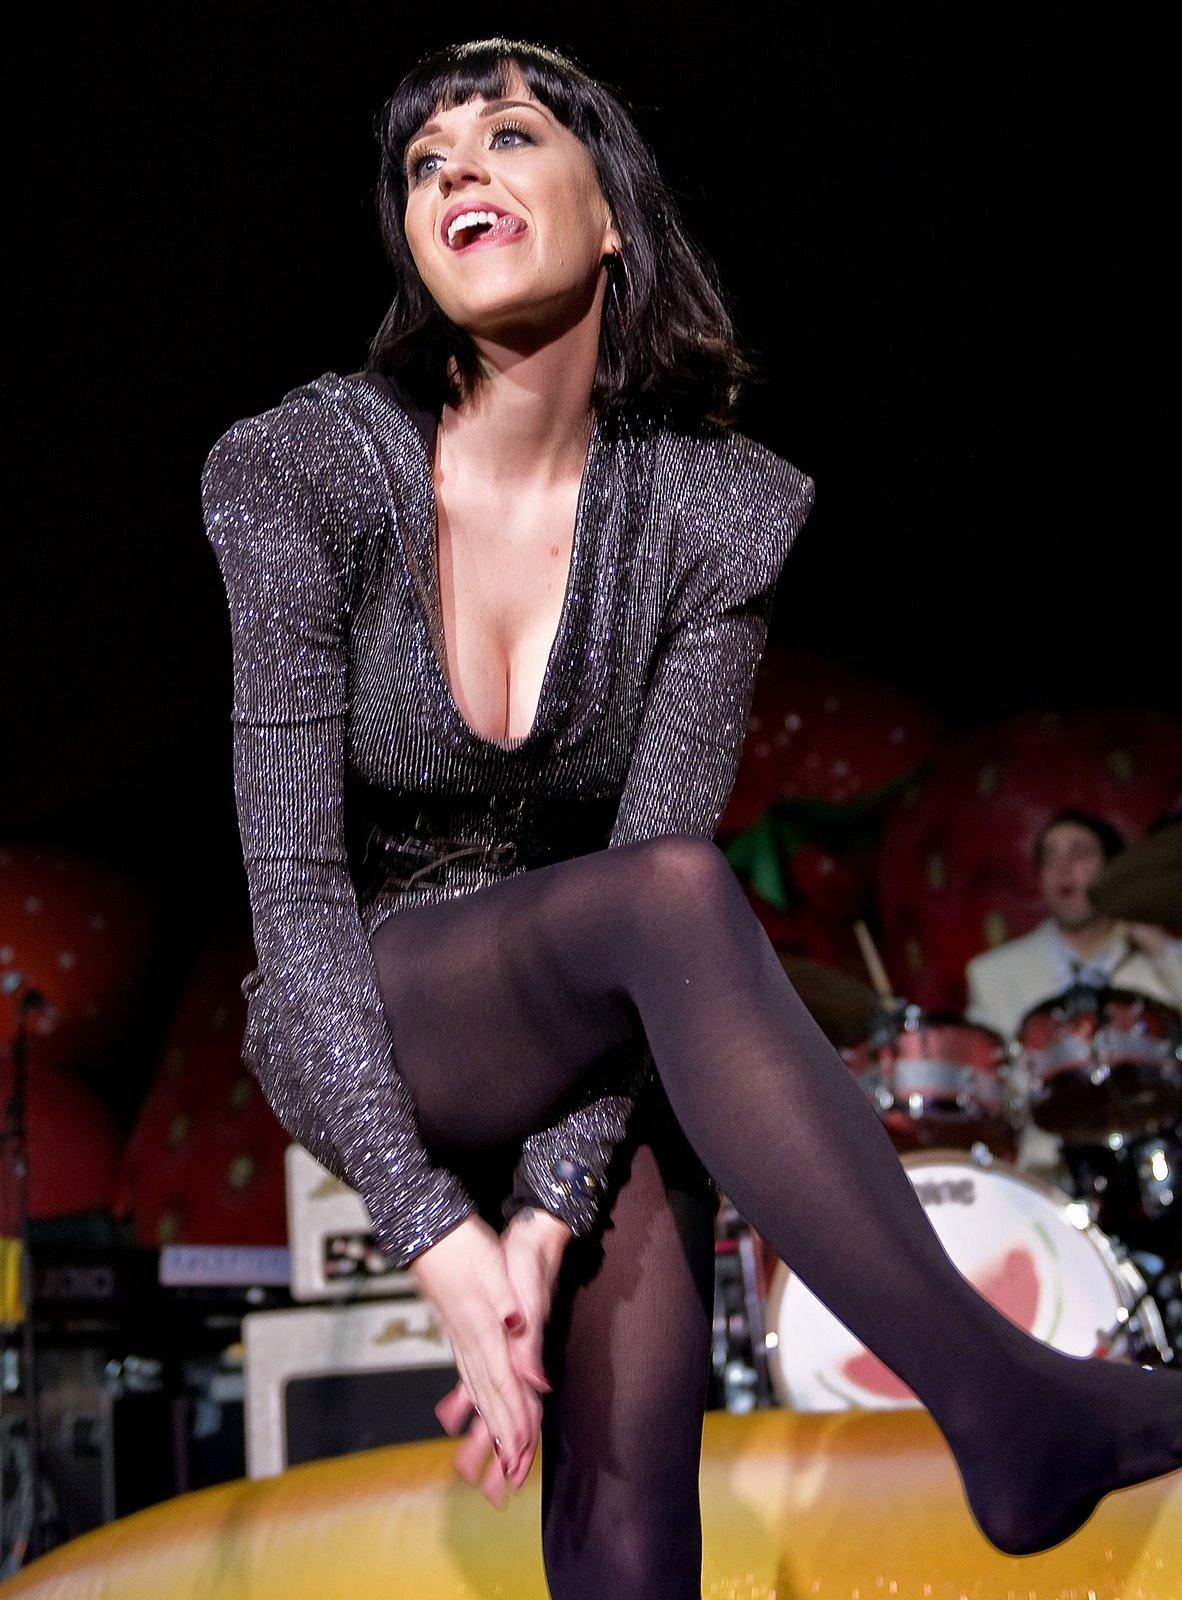 Katy perry hot feet
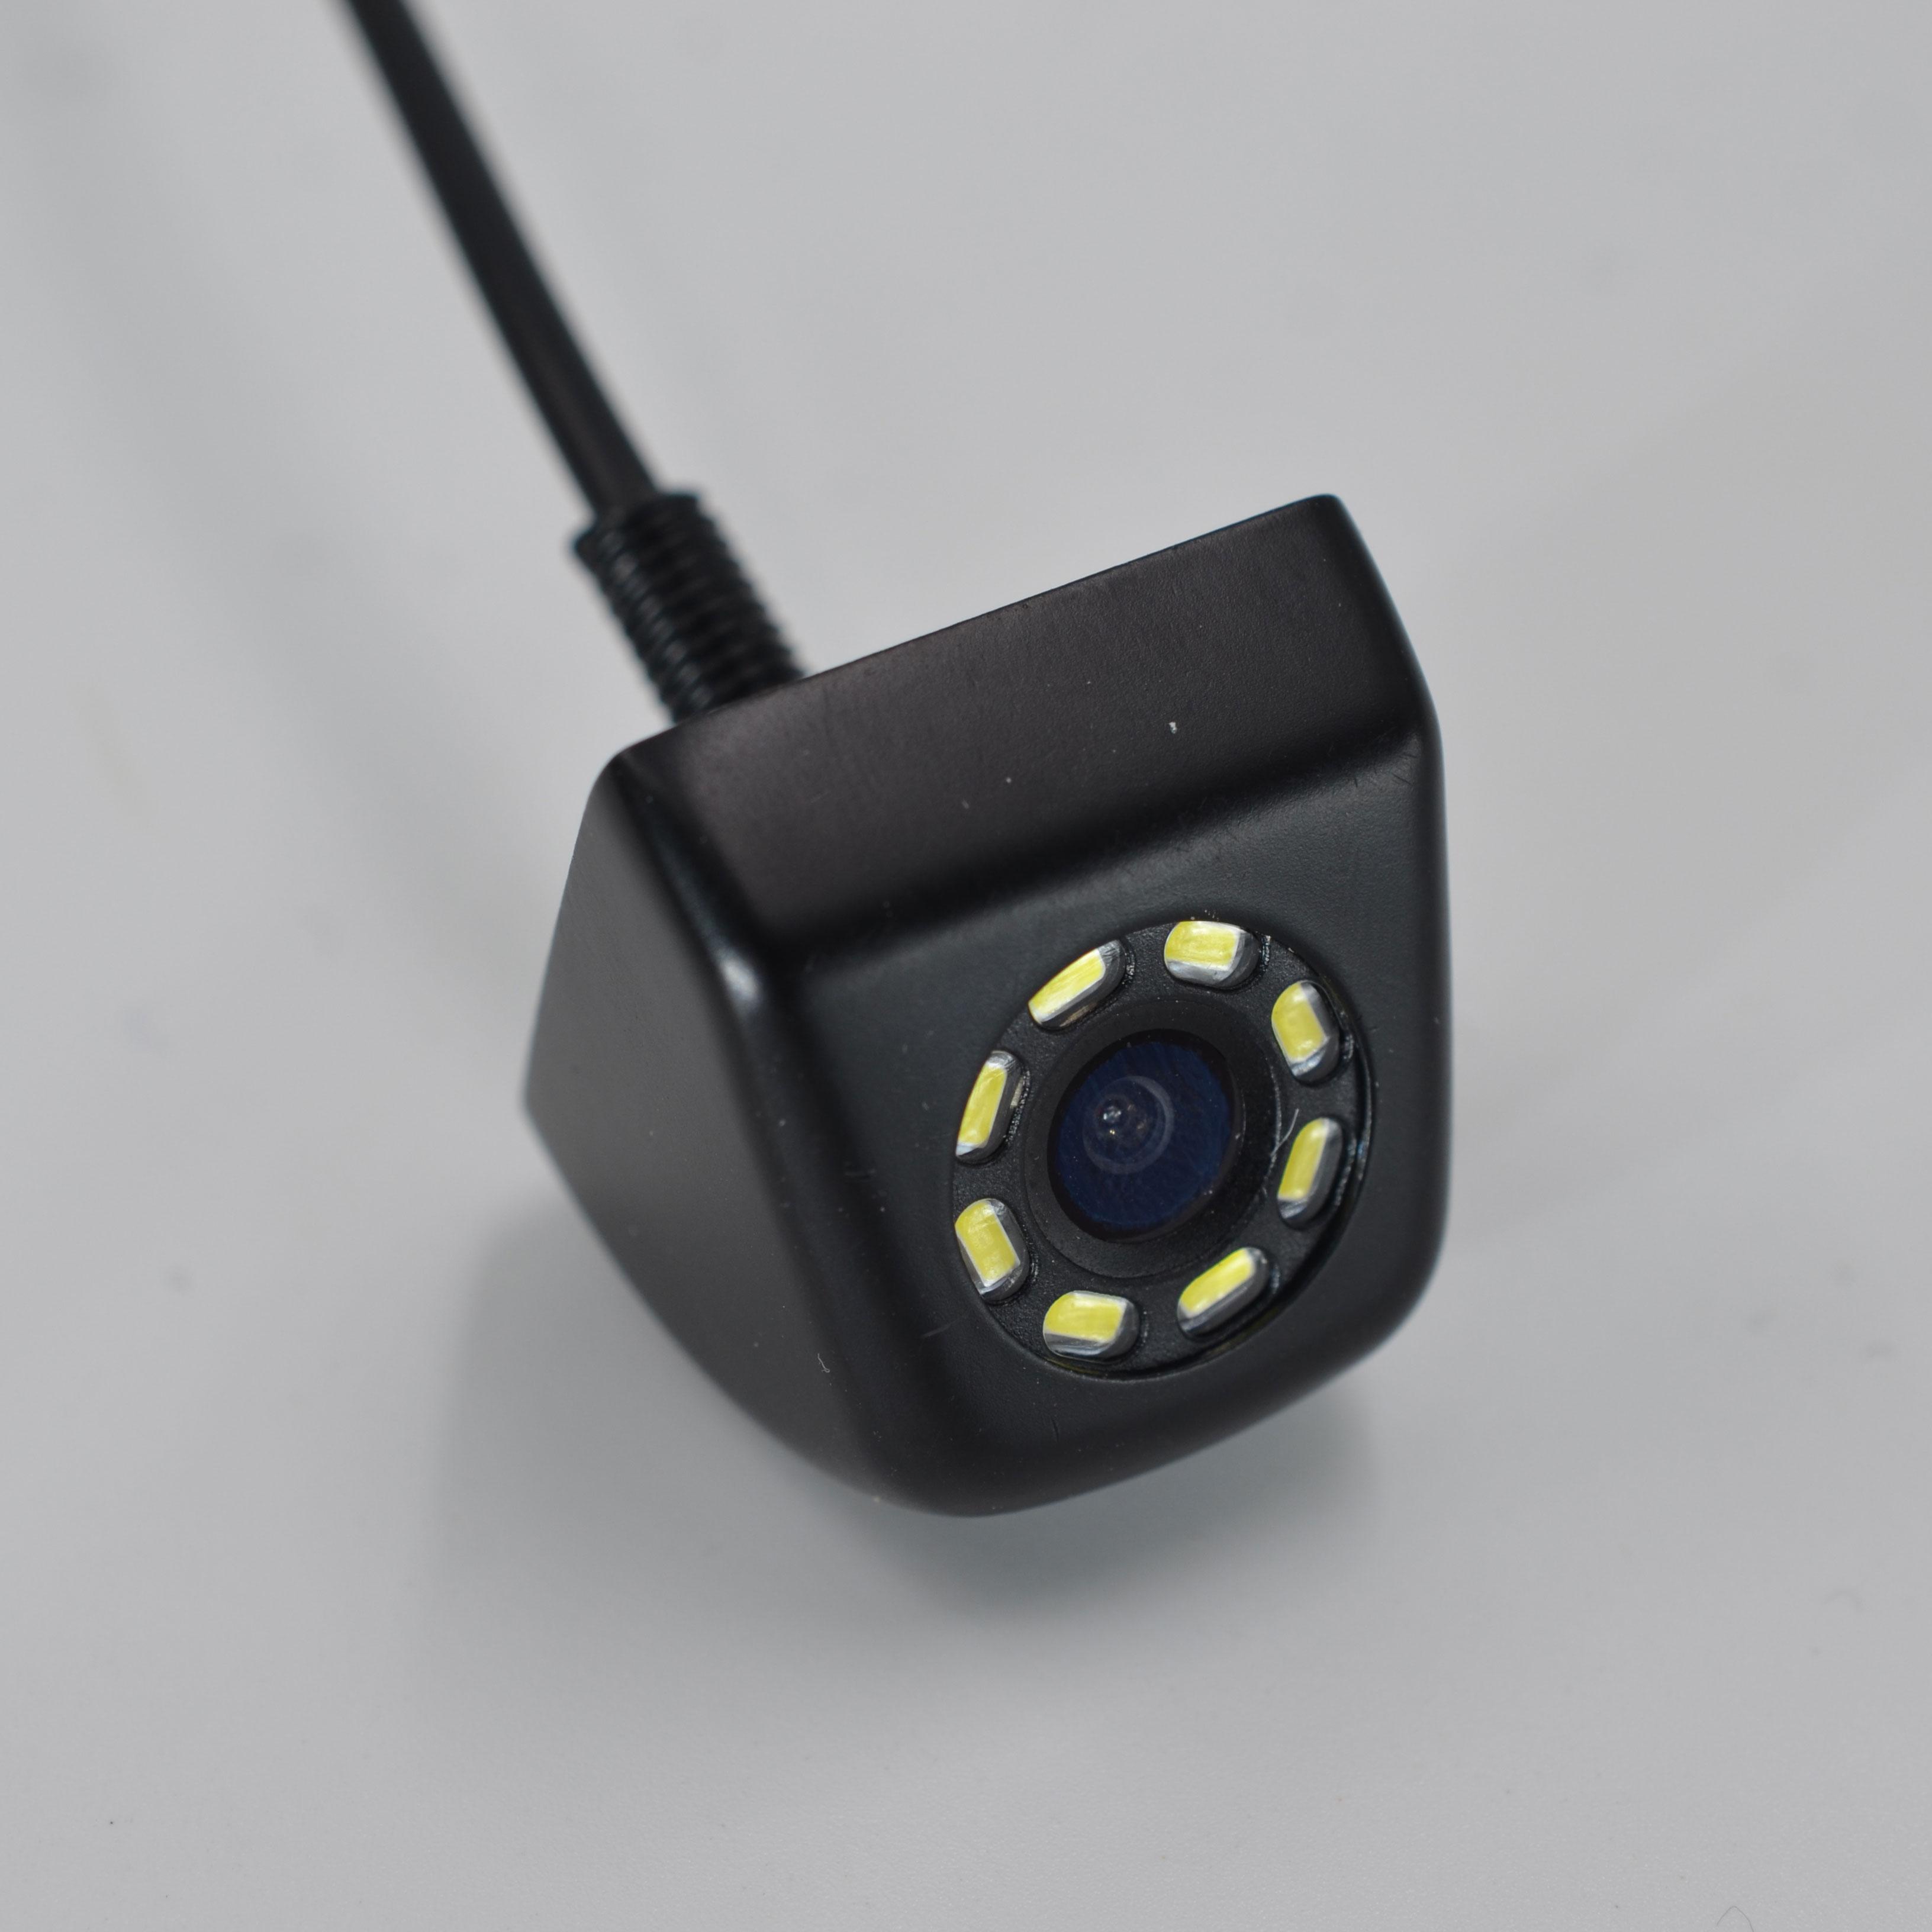 Заводская, CCD HD камера заднего вида, водонепроницаемая камера ночного видения с углом обзора 170 градусов, роскошная Автомобильная камера заднего вида, камера заднего вида - Название цвета: Синий
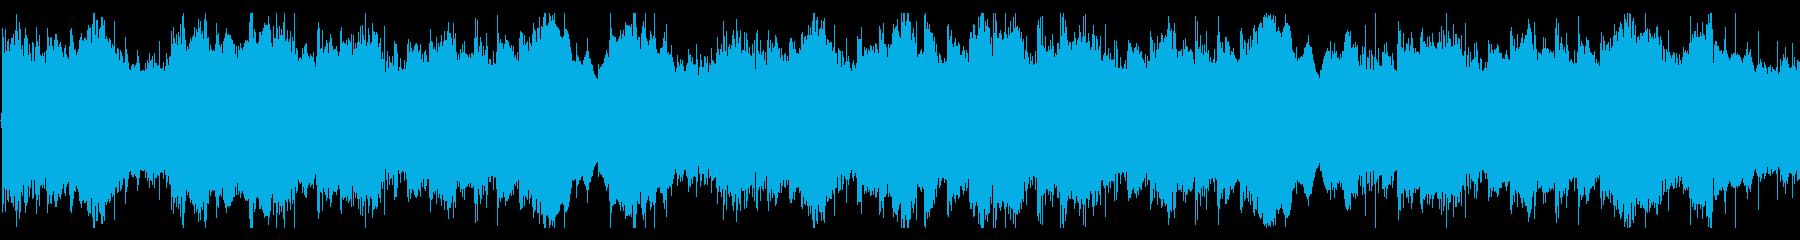 和風な旋律のゆったりとしたループBGMの再生済みの波形
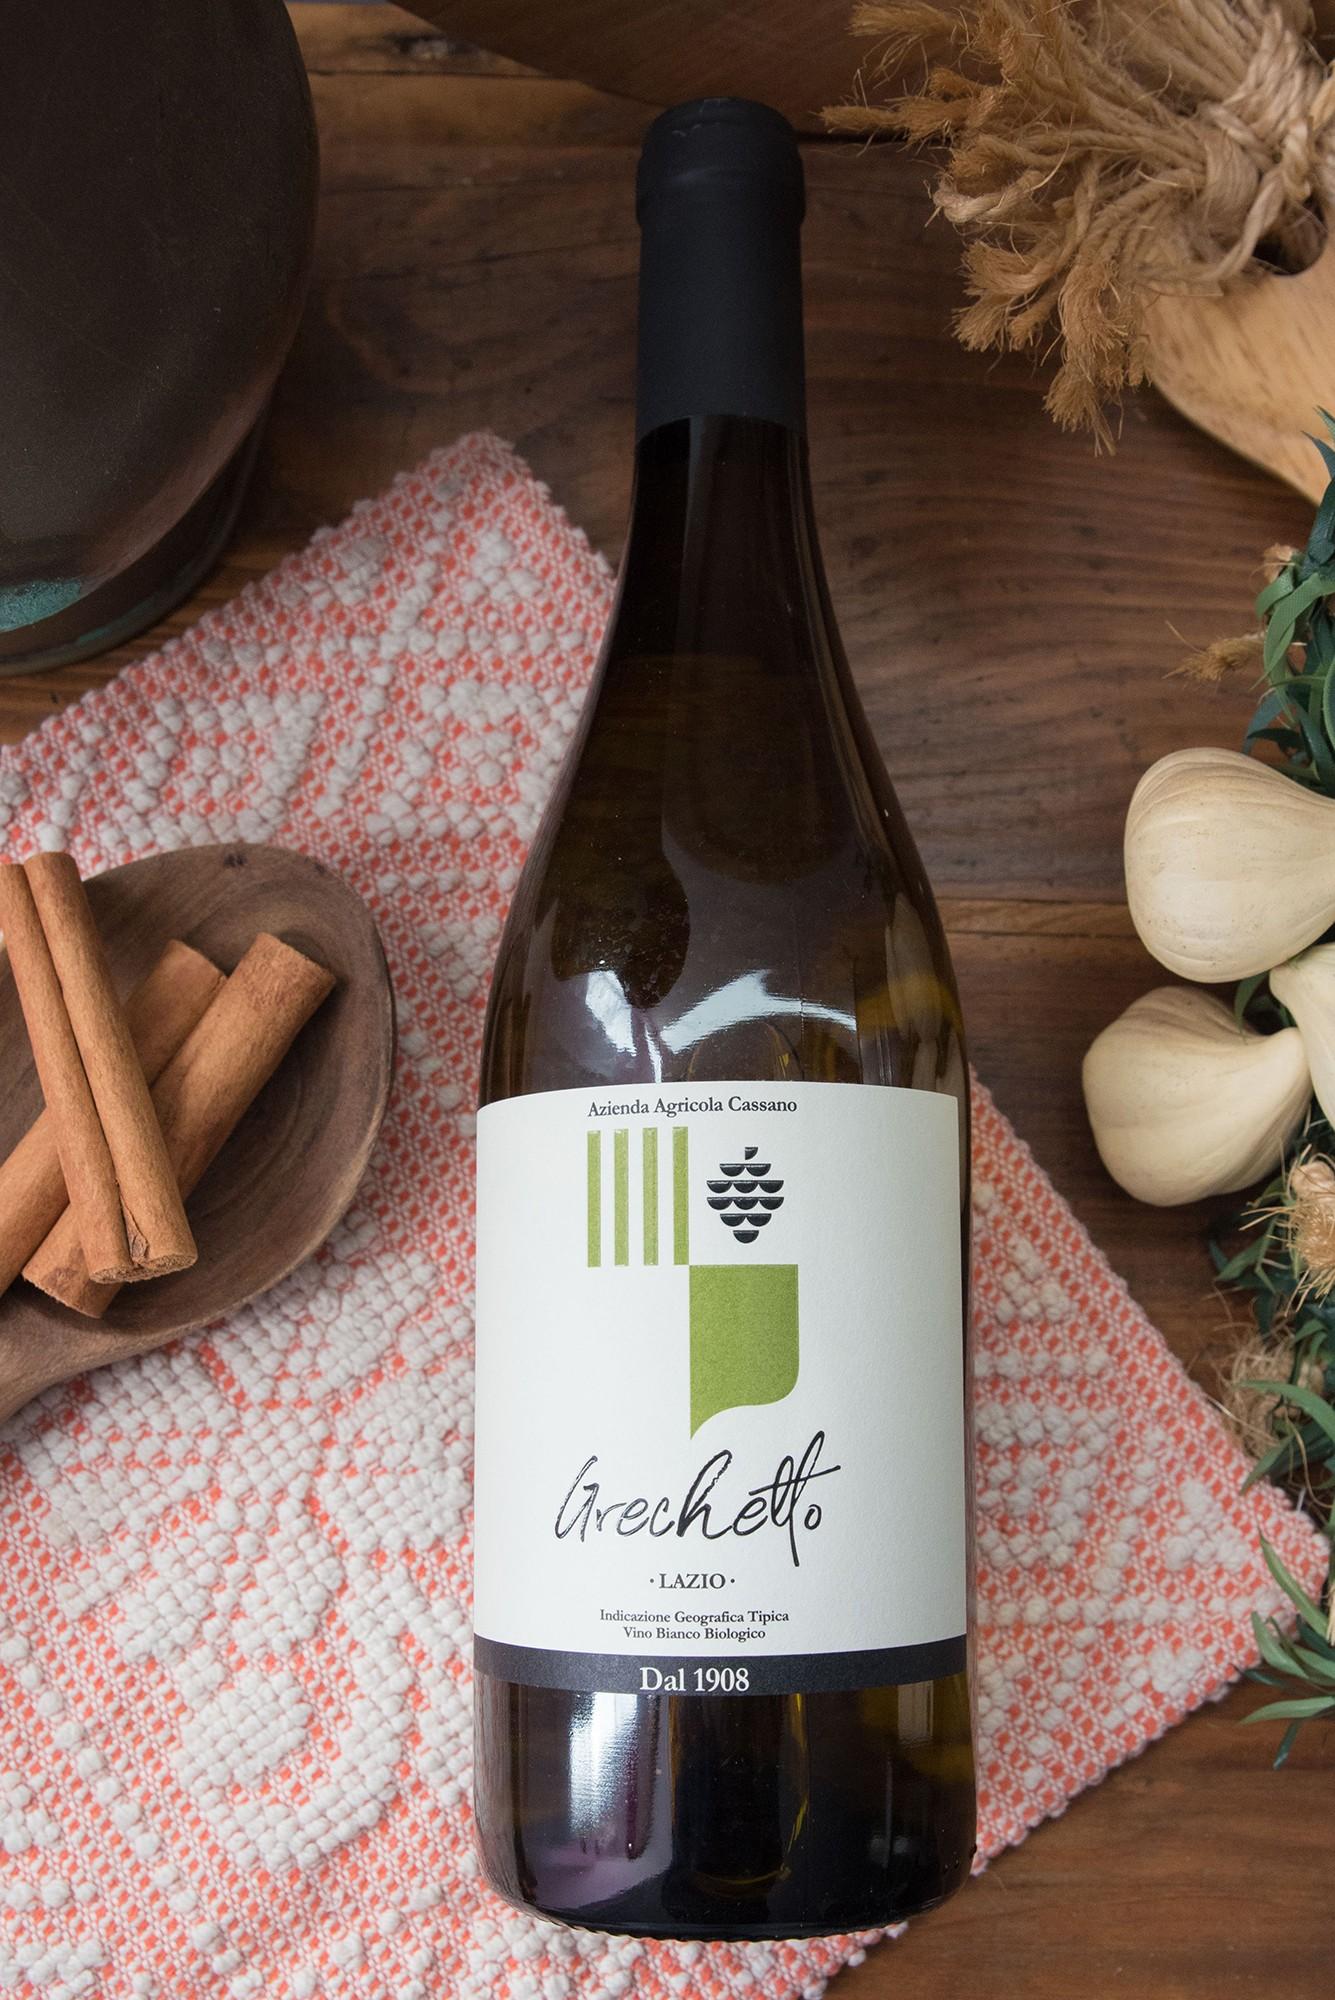 Grechetto Vino Bianco Biologico IGT Lazio- Azienda Agricola Cassano

---------------

TASK BRIEF -
A word-for-word copy of the lines from the one with "和風な旋律のゆったりとしたループBGMの再生済みの波形" through the final line of the listing above is the whole answer, and it contains no pictures.

EXERCISE RESULT -
 和風な旋律のゆったりとしたループBGMの再生済みの波形
 Grechetto Vino Bianco Biologico IGT Lazio- Azienda Agricola Cassano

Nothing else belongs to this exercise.